Most service operations don’t need more dashboards. They need reality. Process Mining and Process Intelligence show the work as it really flows — so you can fix the system, not the people.

In services, the process is invisible. Tickets bounce, approvals drift, handovers multiply. Everyone has a story; nobody has the whole picture. Process Mining rebuilds that picture from the digital exhaust of your tools — time-stamped events that reveal what actually happens between “request” and “done”.

That matters because most delays aren’t in the steps you perform; they’re in the gaps between them. Process Mining quantifies those gaps: where work waits, where it loops back, where exceptions explode. It turns opinions into measurements: lead time, rework, variants, bottlenecks — across the entire value stream.

Process Intelligence goes further. It connects the map to causes and consequences: how workload, staffing, input quality, or specific clients affect flow; how a policy change shifted rework; which step’s variability drives SLA breaches. It’s not just “what happened” — it’s “why it keeps happening”.

Used well, these tools change leadership behaviour. You stop pushing people to “work harder” and start removing constraints. You replace status theatre with a weekly view of system health. You see the difference between busy teams and fast flow.

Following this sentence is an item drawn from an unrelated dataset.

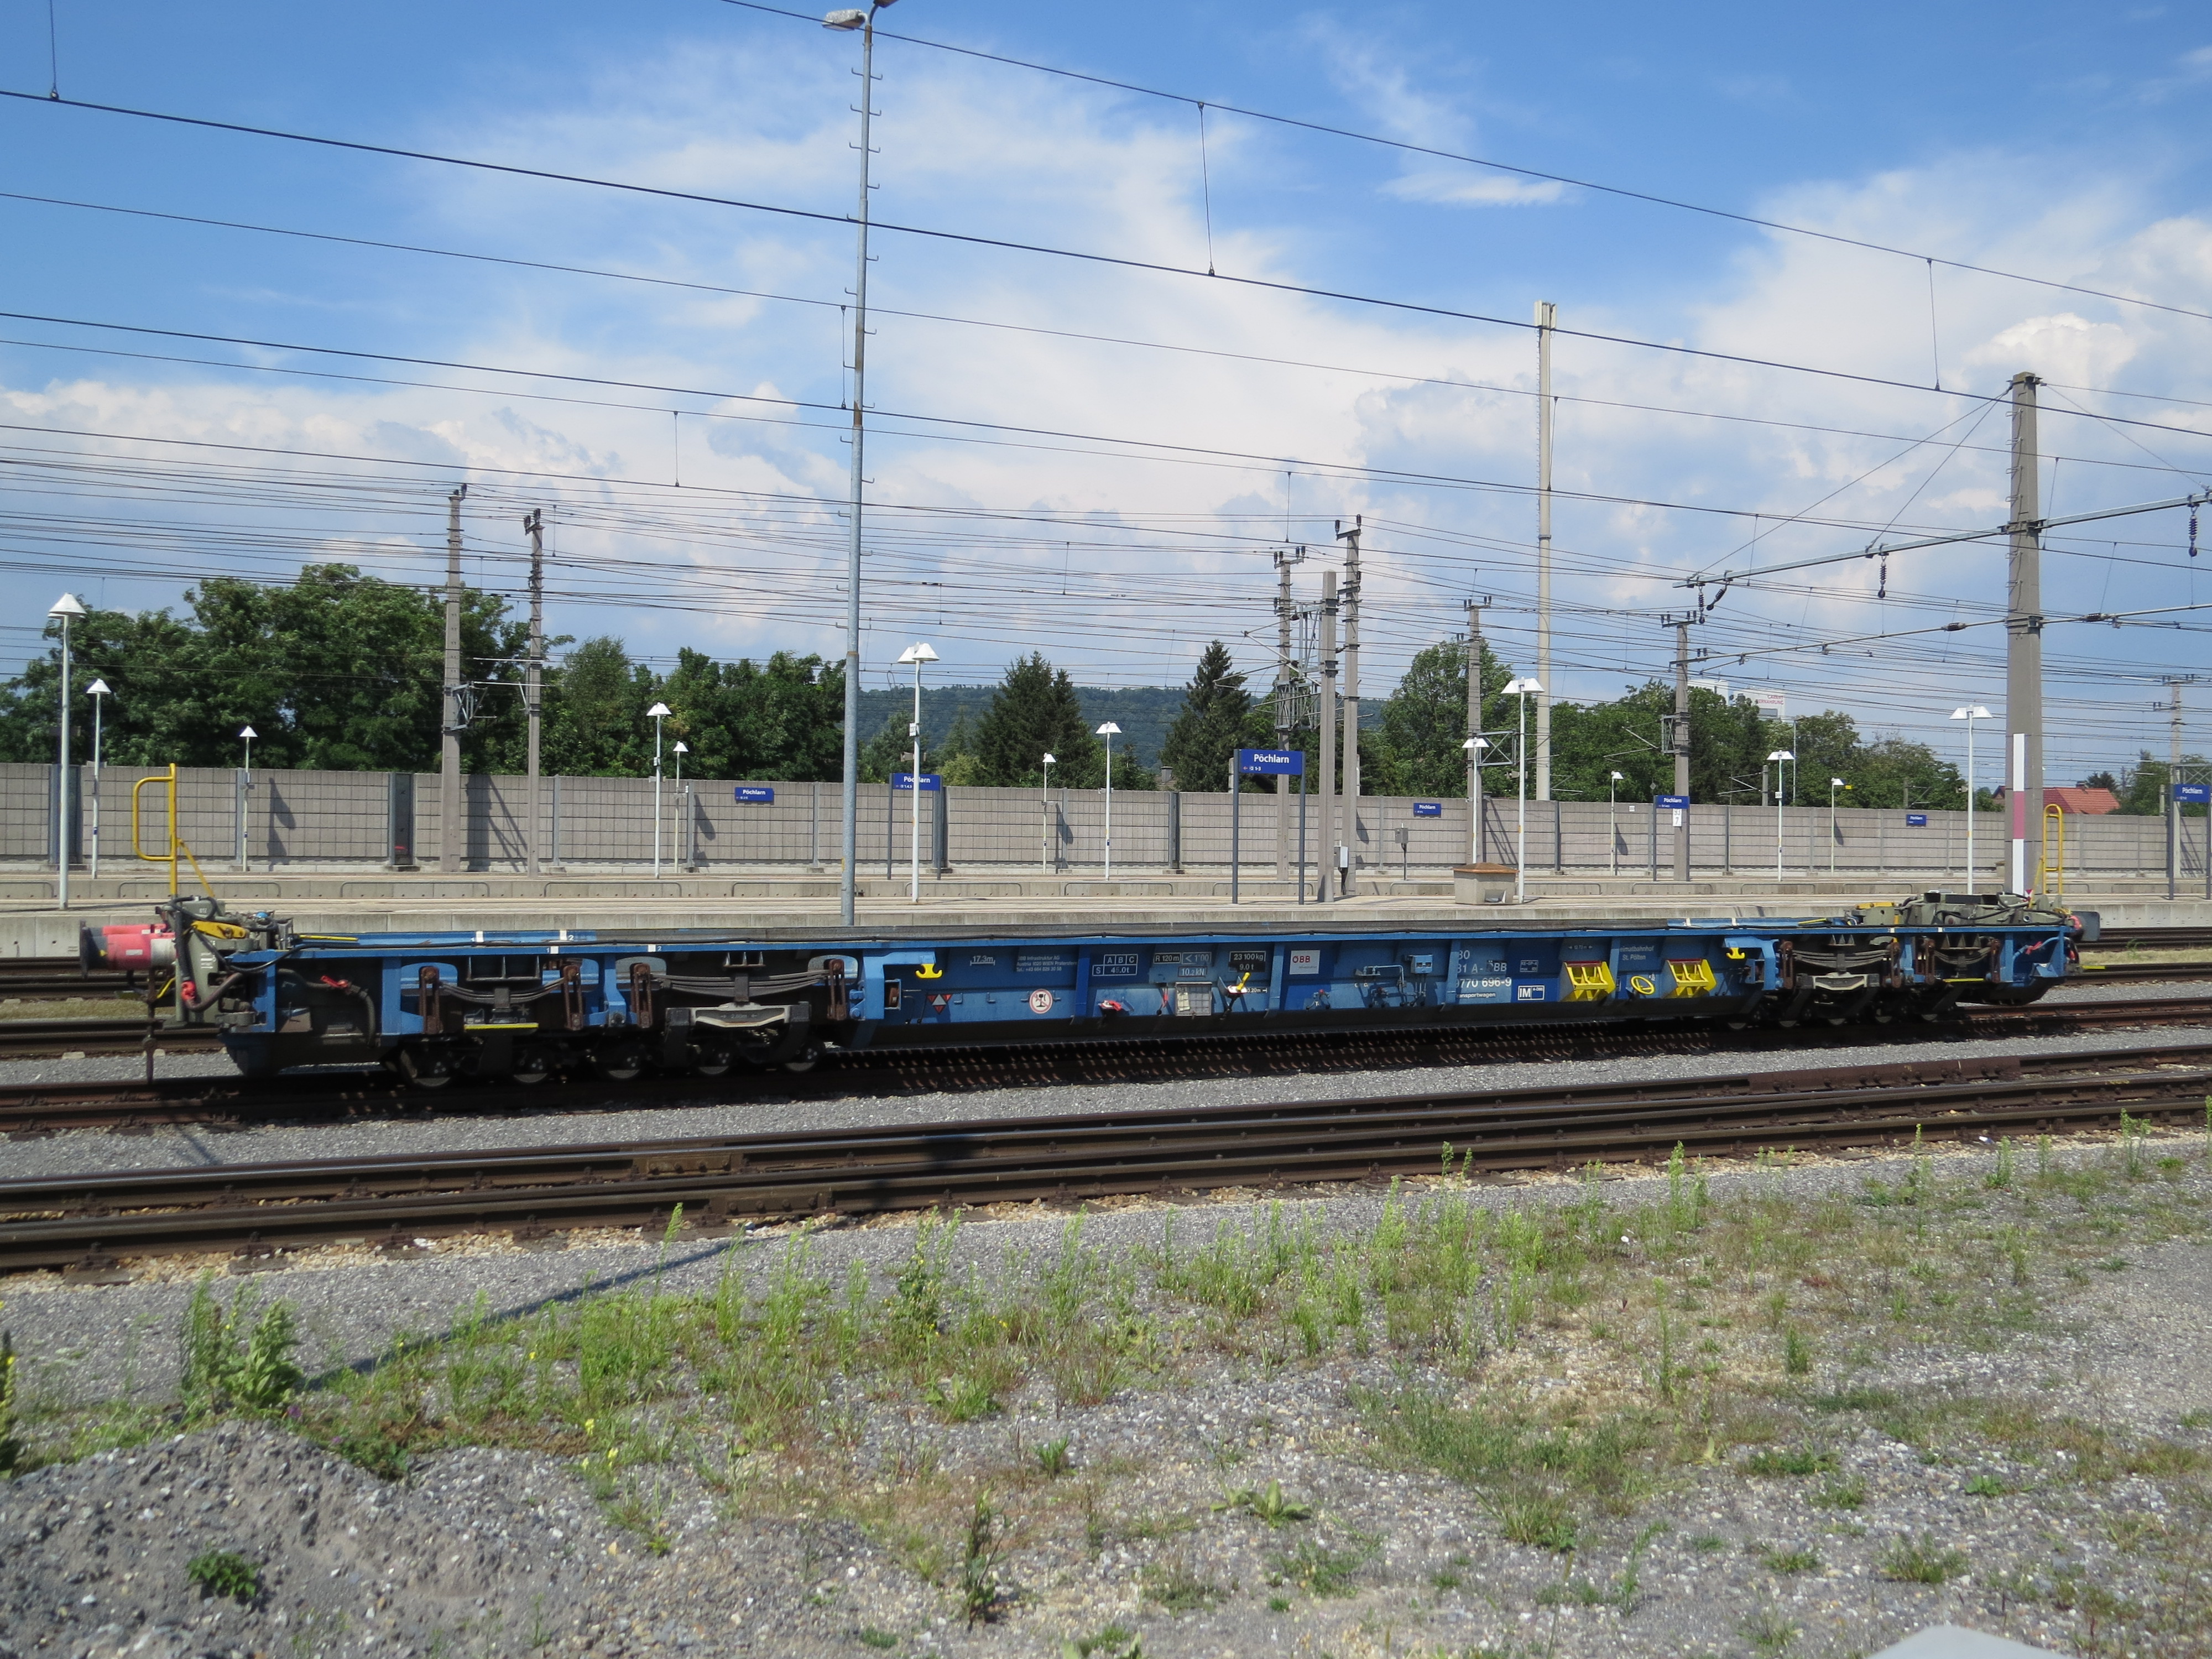 2018-07-17 (400) 80 81 9770 696-9 at Bahnhof Pöchlarn

This isn’t a software project. It’s a management habit. The value appears when insights enter the operating cadence: one constraint to remove per week, one standard to clarify, one queue to stabilise. Improvement becomes rhythmic instead of episodic.

The common traps are predictable. Chasing a perfect “conformance rate” while ignoring customer impact. Treating the discovered map as the ideal map. Forgetting that some work is still off-system and needs observation at the gemba. And, of course, turning everything into a dashboard with nobody accountable for change.

Privacy and ethics aren’t afterthoughts. Process data is about people. Aggregate by design, minimise personal exposure, focus on system causes. The goal is dignity through clarity — not surveillance.

When Process Mining and Intelligence are integrated into leadership routines, service operations become calmer and faster at the same time. Lead time shrinks because waiting shrinks. Quality rises because rework stops being “someone’s problem” and becomes a visible defect in the system.

The question isn’t whether to adopt these tools. It’s whether you’re ready to run the discipline they require: deciding what to change every week — and then changing it.

What to change on Monday
  • Pick one value stream (e.g., onboarding, claims, credit) and extract its event log (case id, activity, timestamp, user/role).
  • Instrument five metrics: lead time, touch time, flow efficiency, % rework, age of WIP.
  • Put insights in the cadence: weekly, name one constraint to remove and one standard to clarify — with an owner and a date.
  • Triangulate with reality: validate insights at the gemba; update the “happy path” and Ready/Done definitions.
  • Build trust: publish rules on data use (no individual-level policing), focus on system-level causes.